**WORK REQUEST:** When you reach the line below that has "Educative Information: Education", start returning lines exactly, and stop after the line that has "Van Cleef &"; skip the pictures.

**STORED DATA:**
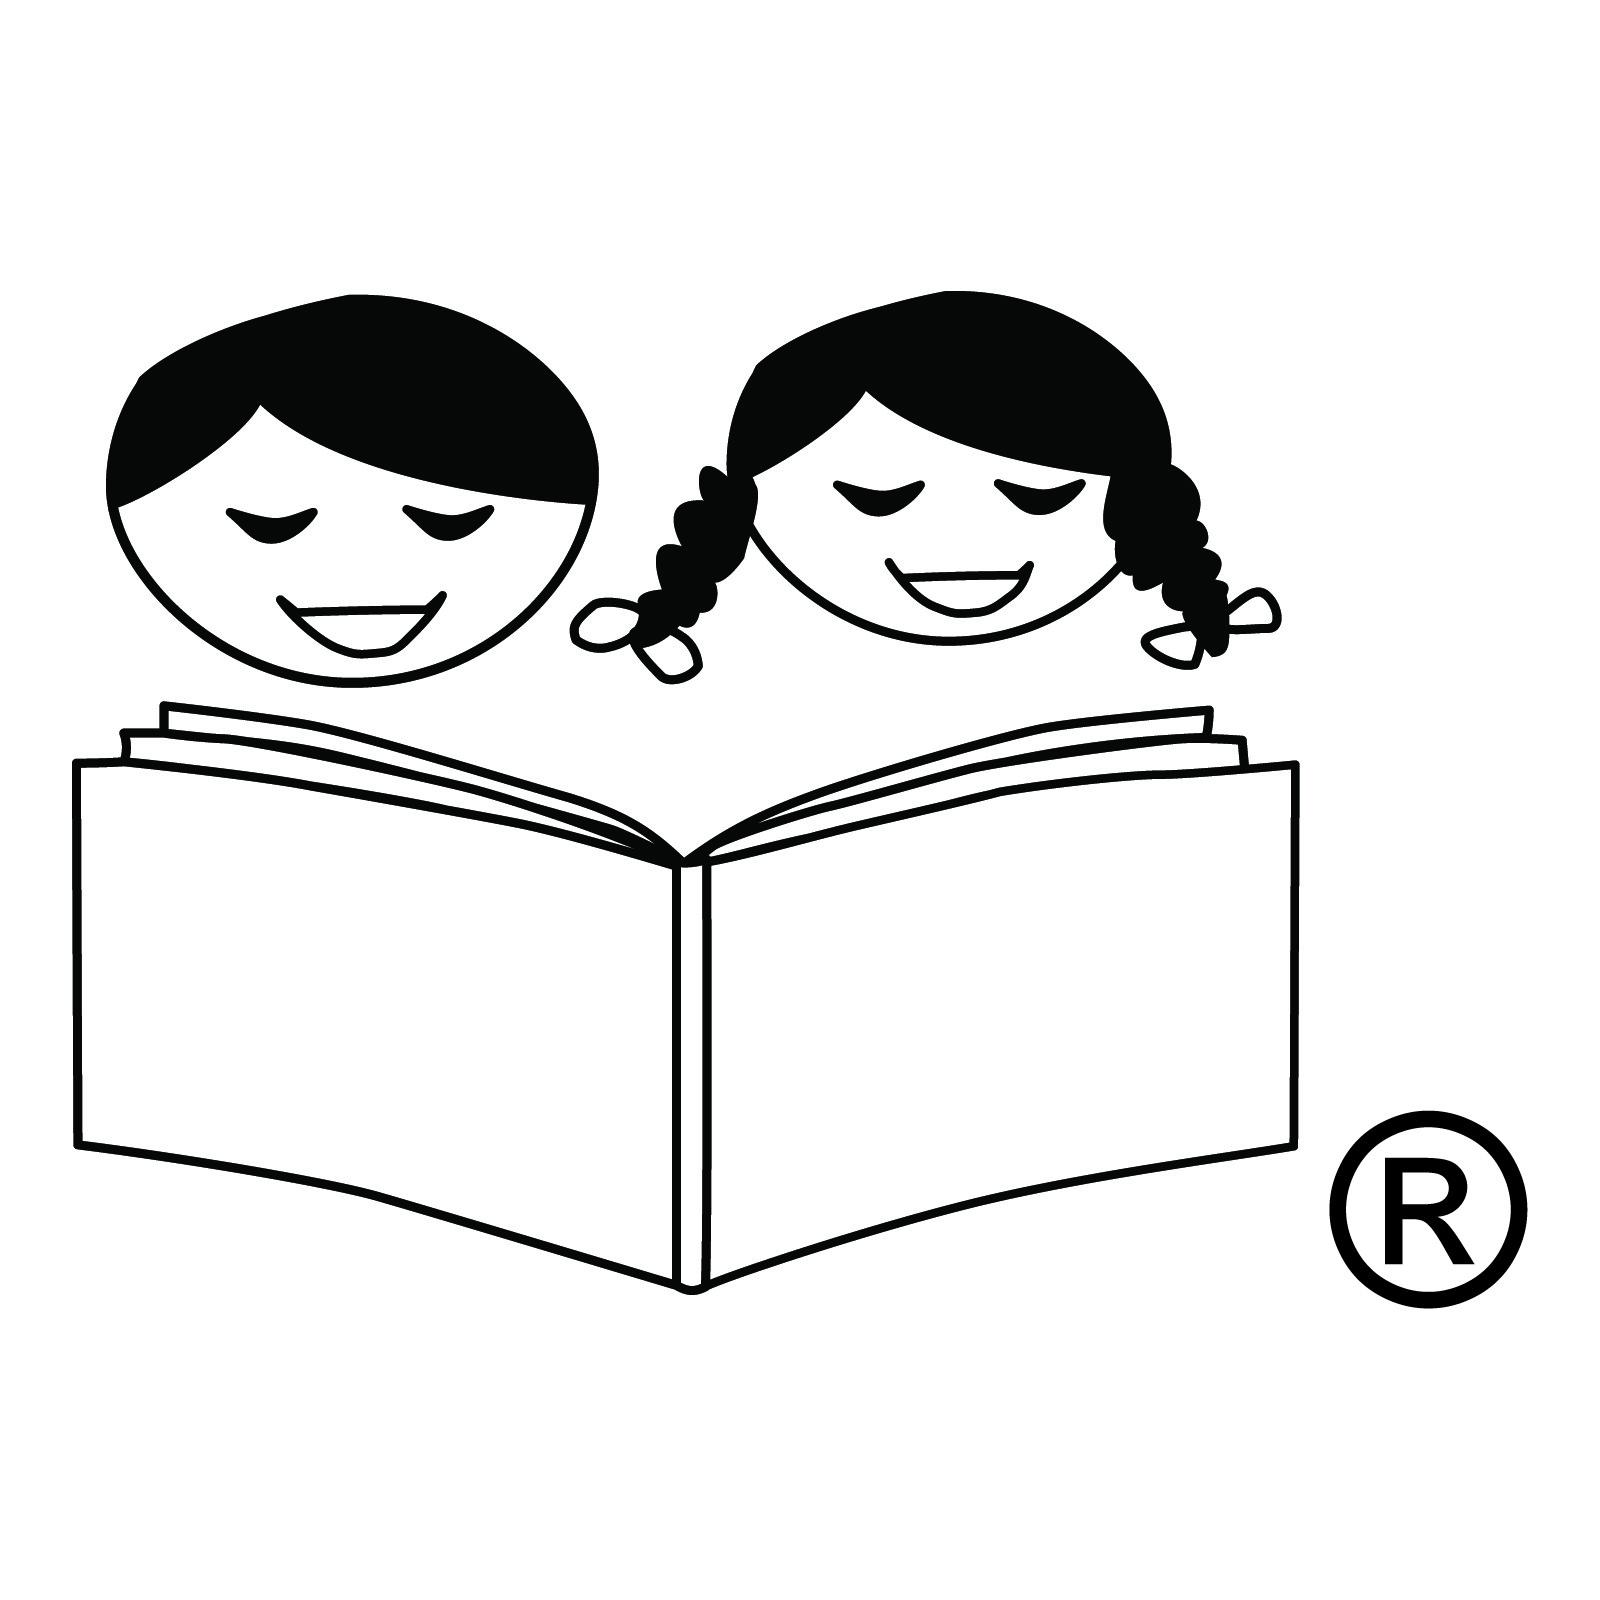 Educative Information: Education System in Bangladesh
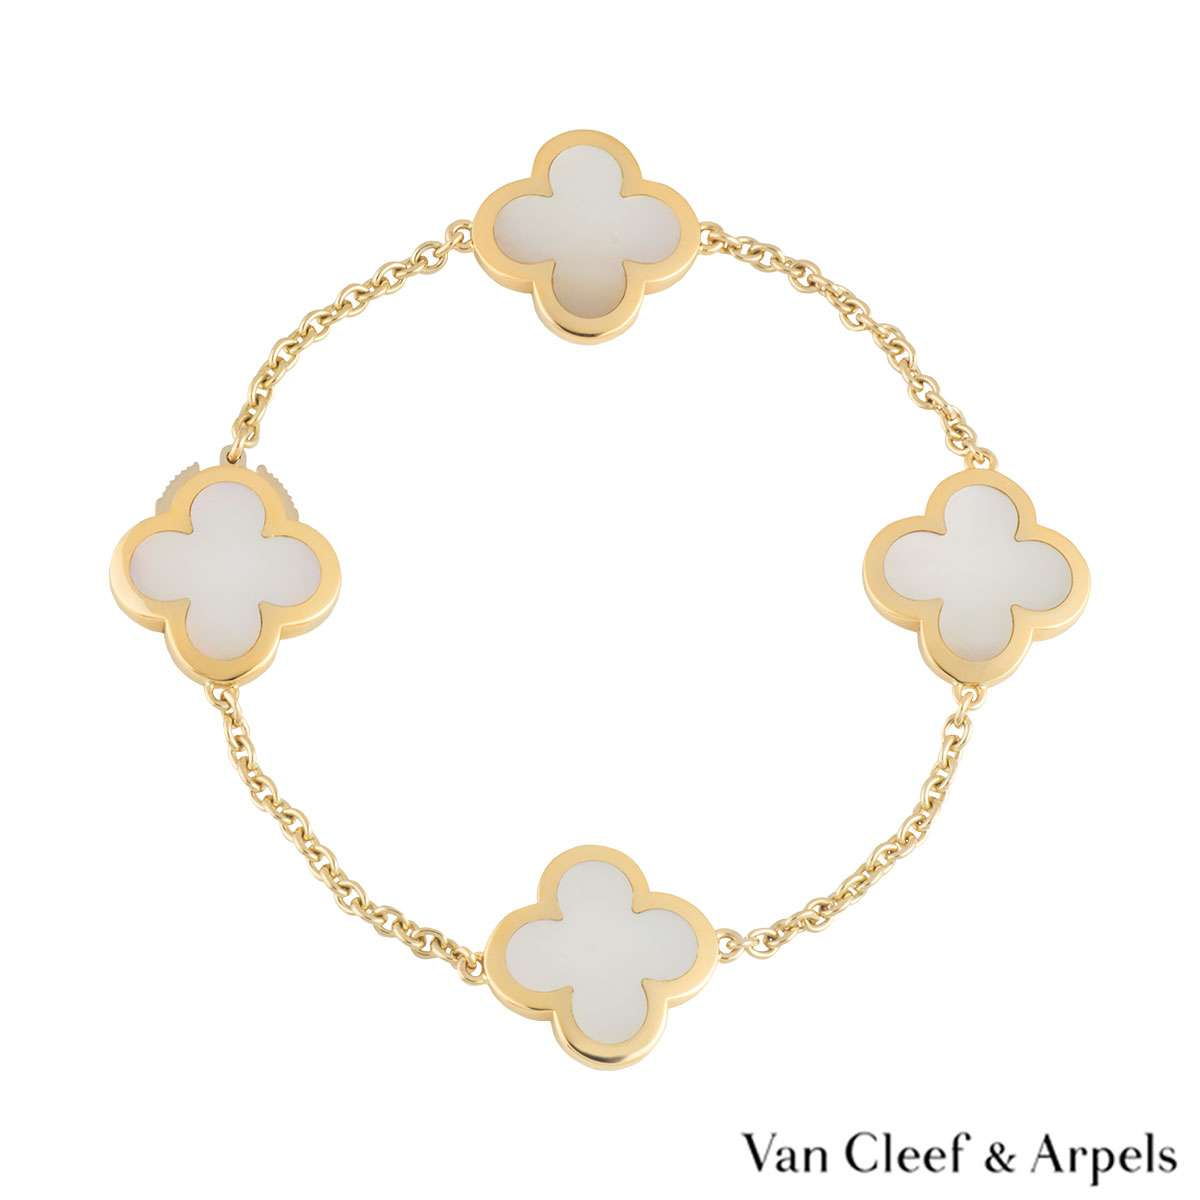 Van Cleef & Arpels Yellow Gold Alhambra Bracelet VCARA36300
...
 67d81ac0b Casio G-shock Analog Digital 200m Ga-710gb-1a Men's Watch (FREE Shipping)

**SOLUTION BELOW:**
 Educative Information: Education System in Bangladesh
 Van Cleef & Arpels Yellow Gold Alhambra Bracelet VCARA36300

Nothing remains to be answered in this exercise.